Answer: Conduit for non-deductible contributions

Question: What do you call a situation when an independent organization that is not tax-exempt wants a church to process gifts so donors get a tax-deductible receipt?

The MinistryCPA blog has a great post, Parachurch Ministries Under the Authority of a Church, which explains how a church should respond when an independent ministry asks the church to run their donations through the church so that donors to the separate ministry will get a tax-deductible receipt.  The independent ministry is neither under the authority of the church nor tax-exempt itself.  Read the post for an answer and great explanation.

One concept in tax exempt law that many people don’t understand is that for a tax-exempt organization to give a deductible receipt for a contribution, the funds must be used for the purpose of that tax-exempt organization and the funds are under their control.  (It’s okay to not understand that idea.  You have to work in the NPO world a while to get your arms around the practical application and understand just how far out of line such a practice is.)

This means it is not possible to lawfully “just pass my contribution along” to another organization.  You can’t give money to your church, ask them to pass it to someone else, and take a charitable deduction.

2 thoughts on “Answer: Conduit for non-deductible contributions

  1. I have been searching for an answer to this question for several days now. We have a situation at our church where a member has started a ministry locally and he is trying to have people give through the church in order to get a tax deduction. He is not a 501(c)(3) as of yet. I have tried to tell him that this will not work and could potentially put our own tax exempt status in jeopardy since we would in essence be “laundering” money through the church in order to give tax credit. Am I right in this statement? Do you know of any IRS code to back this up?

  2. That is a good question.

    I don’t know the circumstances of what kind of ministry is involved or what oversight your church is providing. Let’s discuss two different scenarios.

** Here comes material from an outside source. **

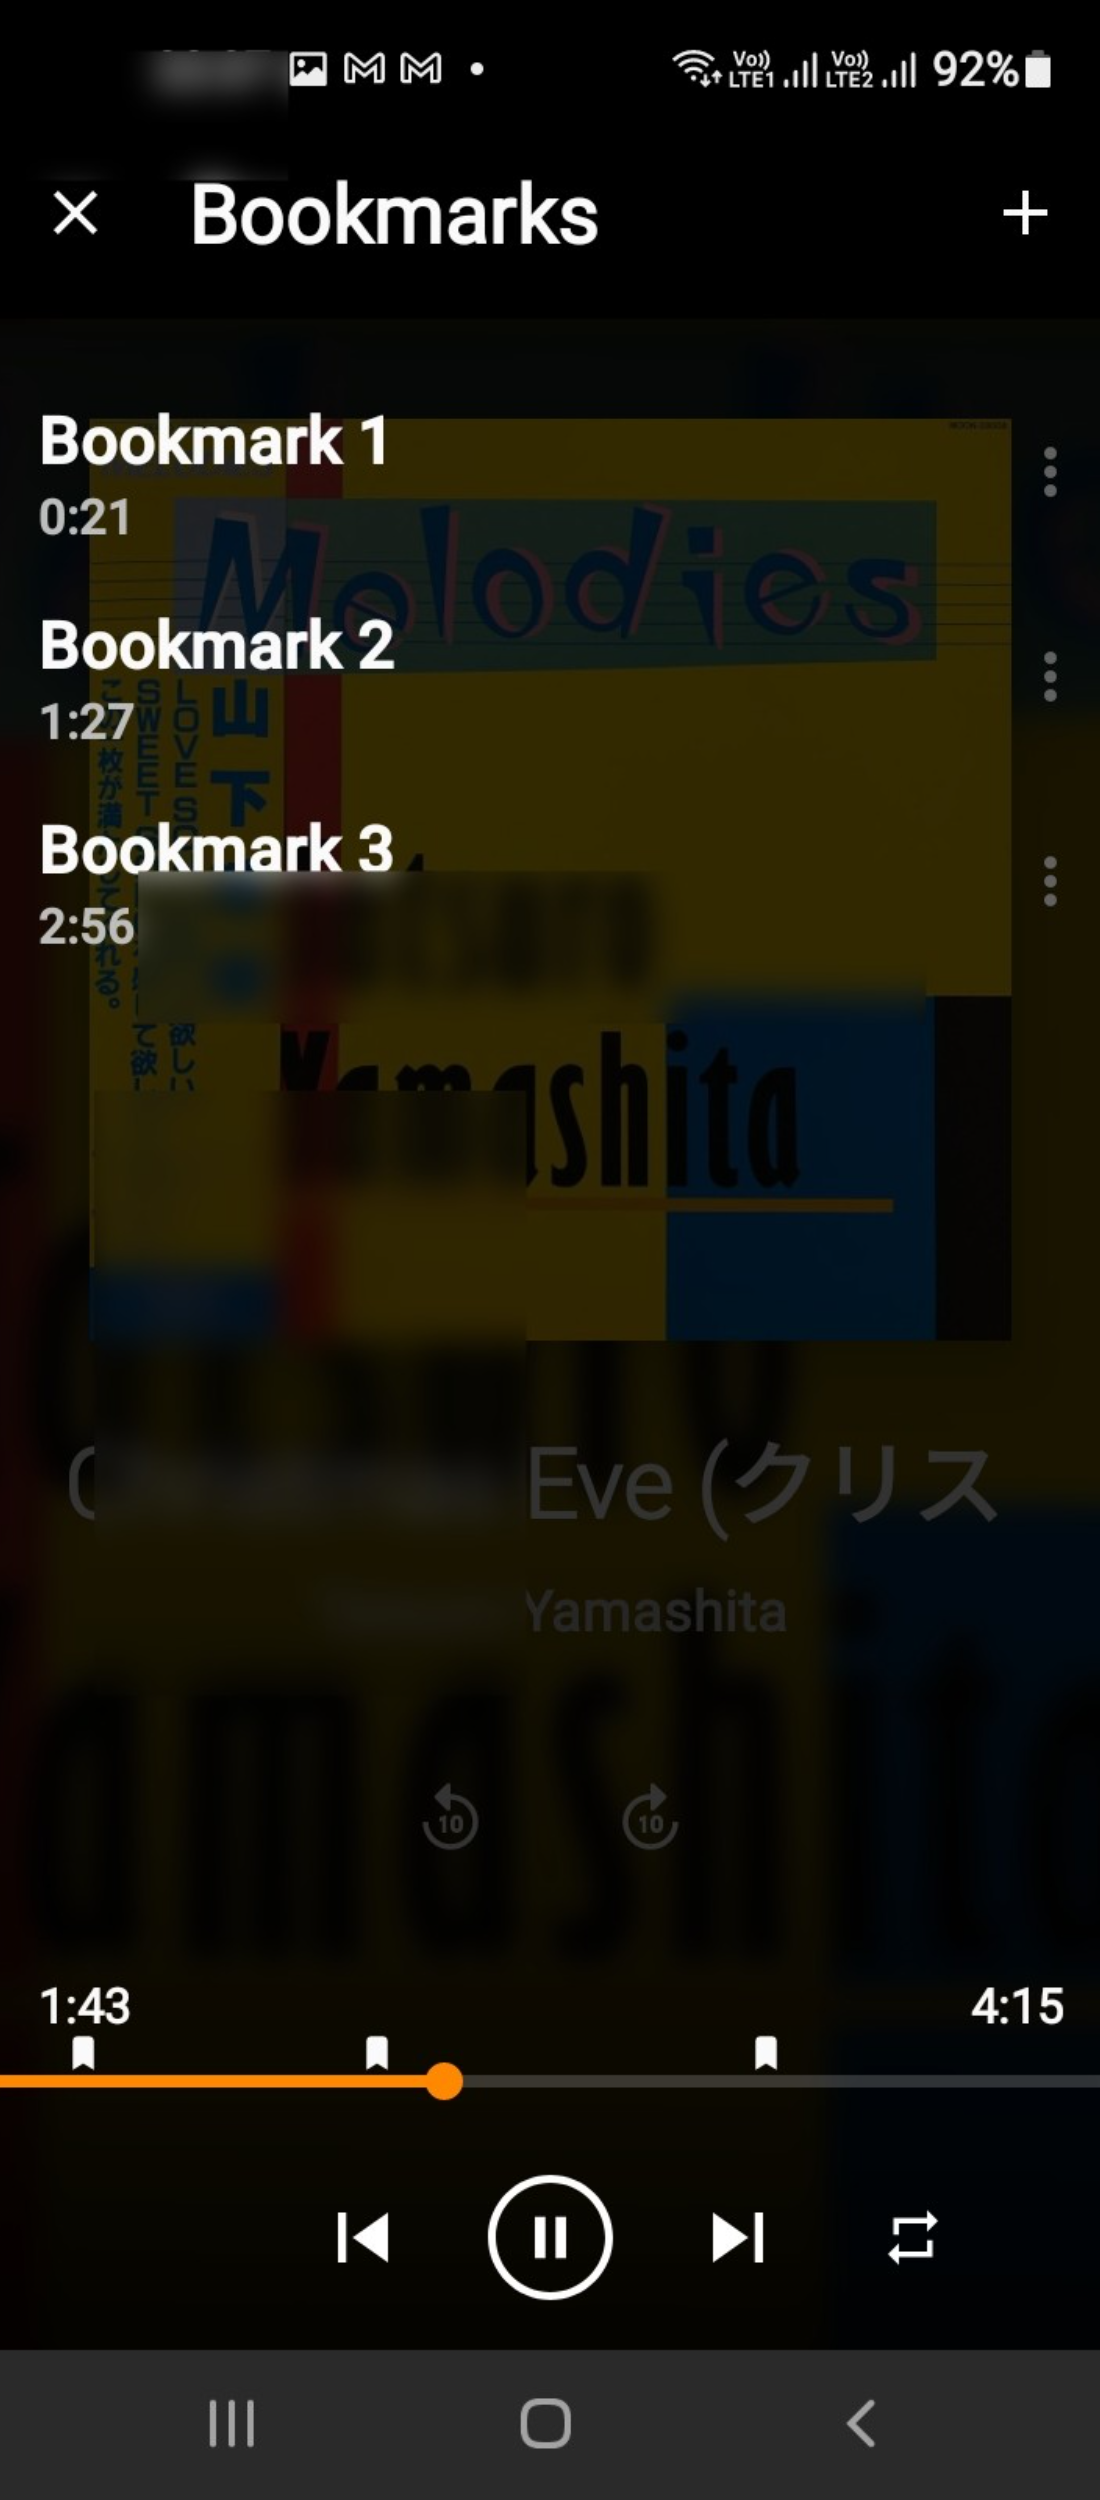 adding bookmarks to media files
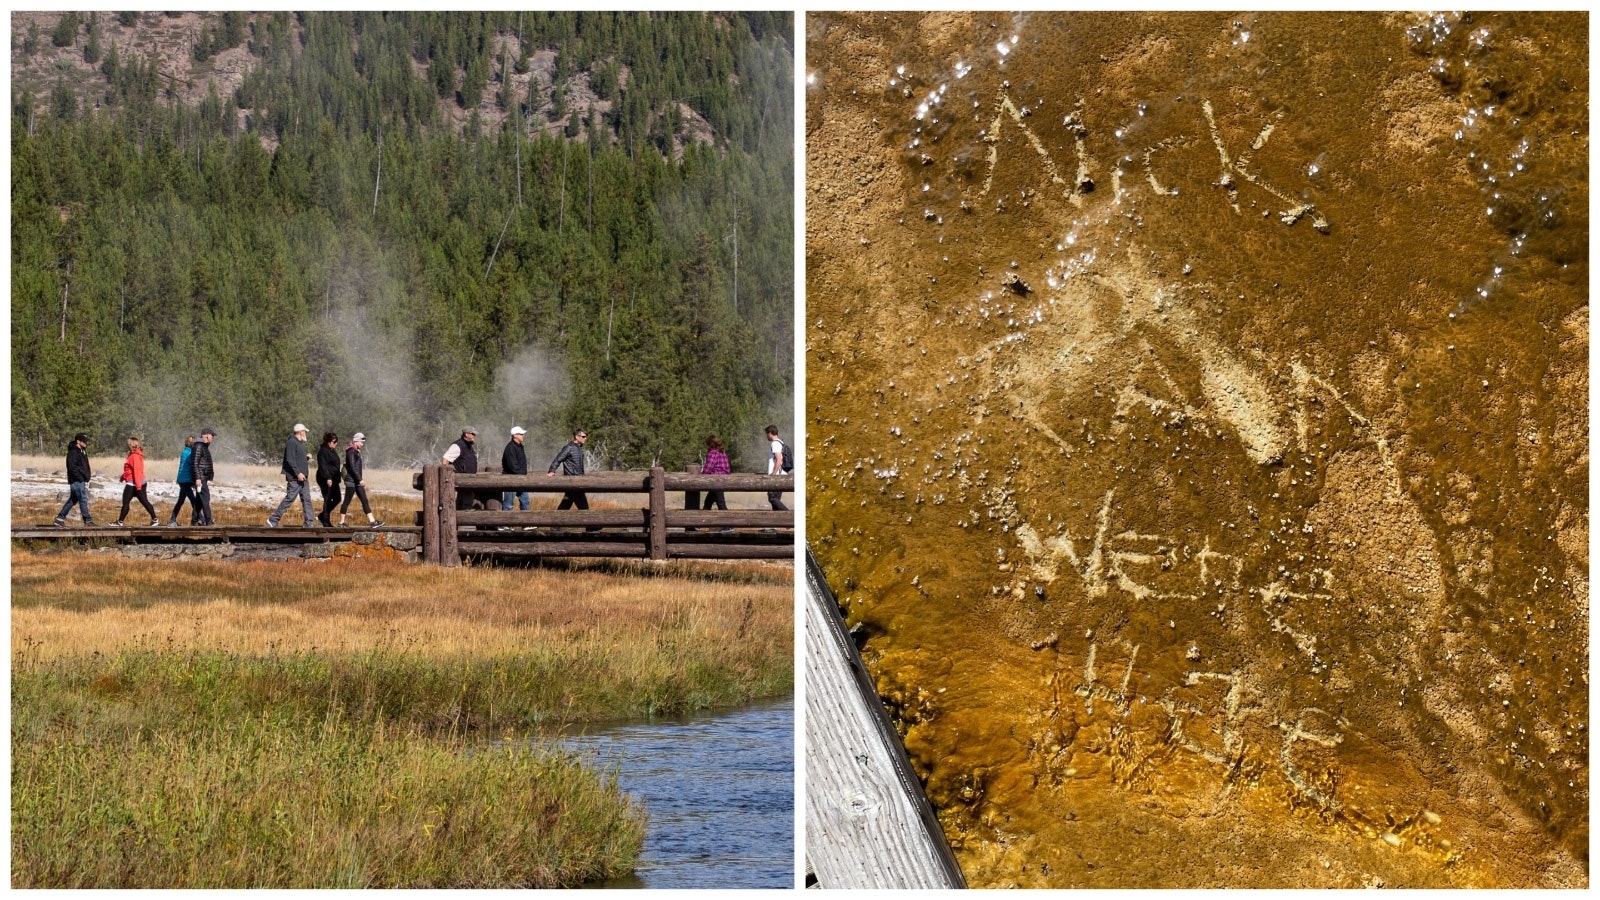 Seems some guy named Nick loves the unique features at Yellowstone National Park — so much so that Nick scratched his name and a message into a delicate thermal area just off the Biscuit Basin boardwalk.

    If your church leadership wants to make this new ministry a part of your church, providing oversight and supervision of the program (‘headship’ is a word used in certain traditions) along with financial oversight (which would start with reviewing the proposed budget and approving the funds that are spent), that is one situation. In this case, the new ministry is essentially the same as a department of your church. If you provide that oversight and accountability, this ministry is little different from your men’s ministry or women’s ministry. My guess is that those other programs need to raise their own money through special events and ticket sales to fund their events.

    On the other hand, if this person is running his program without any input from your leadership, is not accountable to your governing board, and you do not review & approval expenses of the program, there is a problem. In fact, depending on what the program efforts are and how the whole arrangement is structured, that could be a wide variety of big issues. As the starting point for why this can be a problem, look at the ‘conduit’ discussion described above.

    So in the best tradition of CPAs everywhere, my answer is “it depends”. If this person and your church leadership want to structure the arrangements appropriately and set up proper accountability, it is possible to make this work. If this person insists on being a lone ranger, it gets messy.

    Hope that helps. Thanks for asking.